The learning journey of Python ——— basic data type (character encoding)

Source: Internet
Author: User

The information stored in the computer is represented by a binary number. Popularly speaking, according to what rules to store characters in the computer, such as ' n ' with what is called "coding", conversely, the binary number stored in the computer is resolved to display, called "decoding." In the decoding process, if the use of the wrong decoding rules, it will cause ' n ' parsing to ' m ' or garbled.

A character encoding declaration is used, and all source code files in the same project use the same character encoding declaration.

This is something that must be done.

Python3 discards str, all using Unicode.

Press the quotation mark before the first you do it really is very unaccustomed and often forget to run back to fill.

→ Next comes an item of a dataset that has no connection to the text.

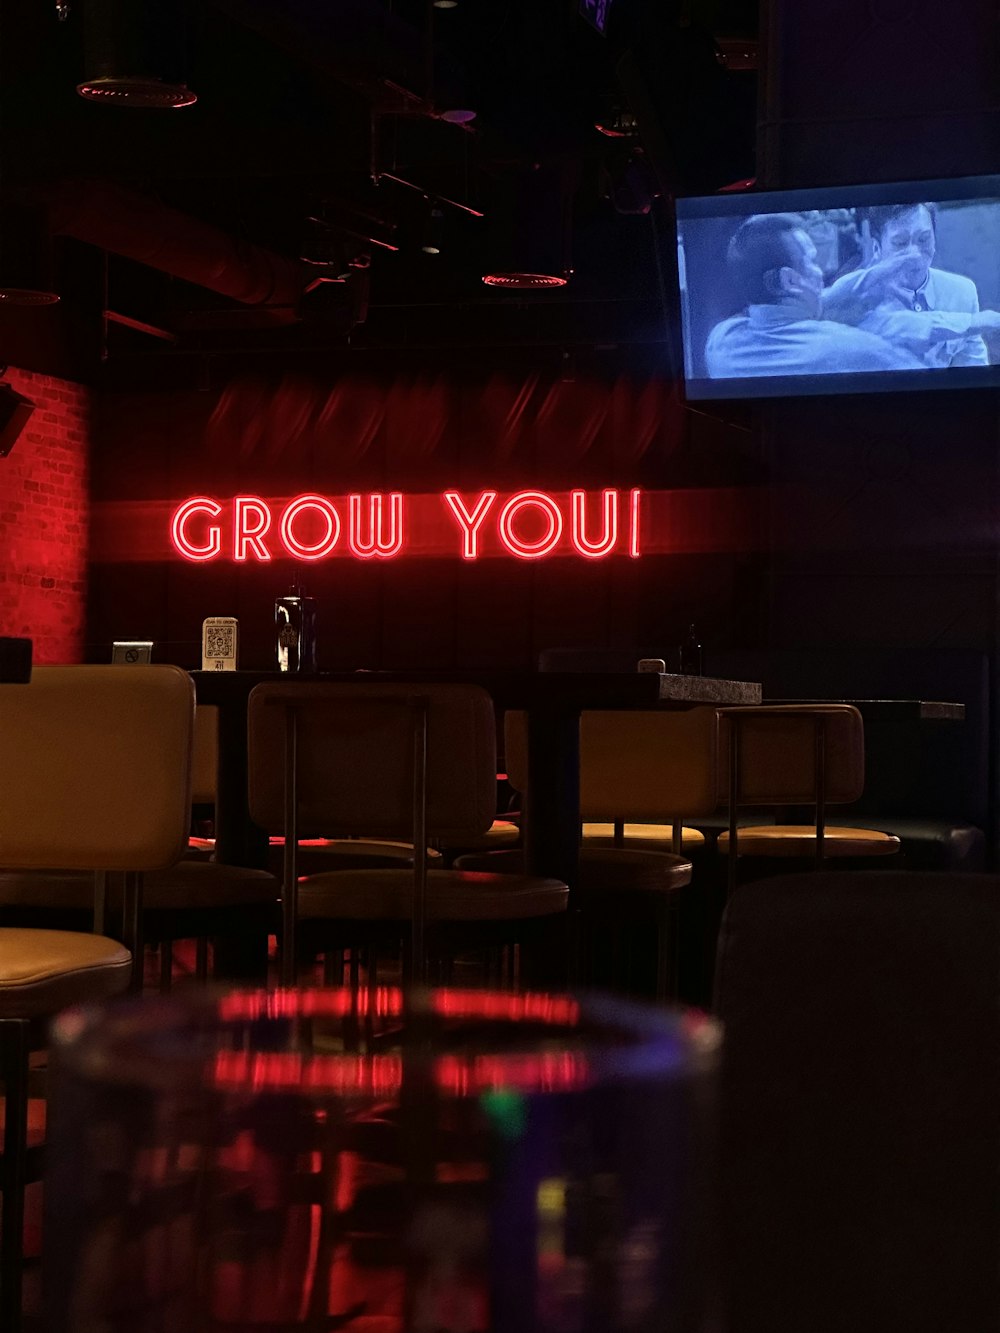 Eine Leuchtreklame mit der Aufschrift "Grow You an einer Wand"

When the computer reaches every country in the world,

In order to solve the problem of garbled, a great creative thought produced--unicode. The Unicode encoding system is designed to express any character of any language. It uses 4-byte numbers to express each letter, symbol, or ideographs (Ideograph). Each number represents the only symbol that is used in at least one language. (Not all numbers are used, but the total is more than 65535, so a 2-byte number is not enough.) Characters that are common to several languages are usually encoded using the same number, unless there is a justification for etymology (etymological) to do so. Regardless of this case, each character corresponds to a number, and each digit corresponds to one character. That is, there is no ambiguity. It is no longer necessary to record "mode". u+0041 always represents ' a ', even if the language does not have the ' a ' character.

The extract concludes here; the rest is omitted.